节点文献
新闻类信息的组织和话题监控
Content Organization and Topic Monitoring on the News Platform
【作者】 张勇;
【导师】 刘瑞芳;
【作者基本信息】 北京邮电大学 , 信号与信息处理, 2014, 硕士
【摘要】 论文针对网络新闻的平台,提出利用自然语言处理和机器学习等算法进行内容组织和话题监控,从而提供用户便捷地定位“兴趣信息”的浏览体验。通过这套文本处理系统,用户可以采集实时新闻,定制喜欢的新闻,以及按类别细化查找想看的文章。此外,用户还可以发现实时热点话题,跟踪感兴趣话题的动态。论文工作首先用传统的文本处理手段进行新闻组织、用户频道定制和话题发现,主要有:基于文本分类器自动划分用户感兴趣的新闻;基于Single-pass、NMF和LDA等文本处理算法对历史新闻进行话题发现。然后提出了一系列创新的新闻平台解决方案,主要有:基于HFTC算法进行新闻组织,自动构建出具有层次性的新闻聚类结构,帮助用户按带有语义描述信息的类别进行新闻查找;基于WBN-FTC进行话题发现,克服了FTC算法支持度阈值难以选择的缺点,不仅可以像LDA那样有效发现话题,而且摆脱了VSM模型的限制,在海量数据上的时间性能更好,此外,还可以通过调整参数来设置话题发现的粒度;在工程实践方面,本文提出基于搜索引擎技术实现挖掘算法,不仅提高系统运行效率,而且降低编程成本。同时,论文提出两套话题跟踪方案,分别基于查询扩展和组合分类器,并提出利用时序特征进行话题预测和模式识别。

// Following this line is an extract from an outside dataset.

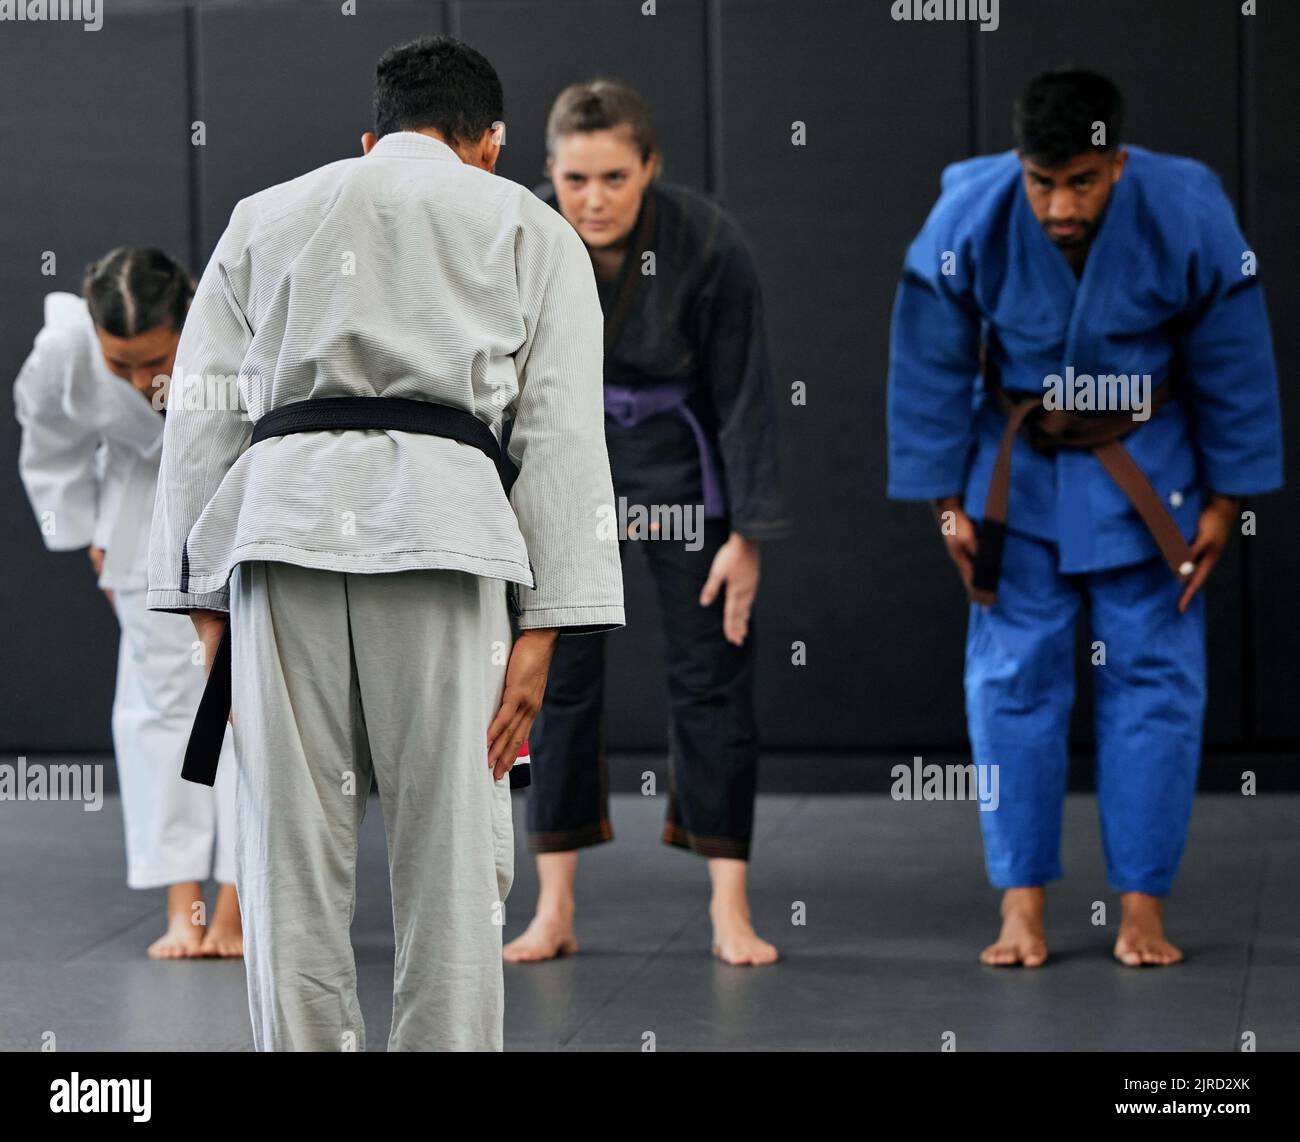 Fitness, strength and respect between karate trainer leading a class, bow and greeting martial arts student at a dojo or studio. Diverse group Stock Photo

这些都为话题监控领域提供了更广阔的应用前景。
【Abstract】 Based on the platform of news websites on the Internet, the paper focuses on content organization and topic monitoring With NLP and machine learning algorithms, so as to provide users with a brand new browsing experience of finding the "interesting information" conveniently. Through this text processing system, users can get real-time news, customize favorite news, and find news that might interest them by category. In addition, users can also find real-time hot topics and tracking them.In this paper, firstly, use traditional textual analysis methods to realize news organization, topic detection and tracking and users’news customization. For example, extract users’ interested news based on text classifier automatically. Detect hot topics on historical news with text processing algorithms such as Single-pass, NMF and LDA. Then, the paper puts forward a series of innovative solutions of news platform. The solutions include news organization based on HFTC algorithm and topic detection based on WBN-FTC. HFTC builds a news hierarchical clustering structure to help users find news by category carrying the semantic description. The WBN-FTC overcomes the shortcoming of FTC algorithm that the support threshold is difficult to choose. It can’t only find topics effectively like LDA, but also get rid of the limit of VSM. So it performs better in mass data. In addition, it can set topics’size by adjusting parameters. Meanwhile, in the engineering realization, the paper use search engine to implement text mining algorithm. It not only improves the efficiency of system, but also reduces the program cost.At the same time, the paper puts forward two topic tracking schemes based on query expansion and combined classifier respectively, and brings in the idea of using time series features to realize topic prediction and pattern recognition. All of these methods lay the foundation of more brand new applications in the topic monitoring field.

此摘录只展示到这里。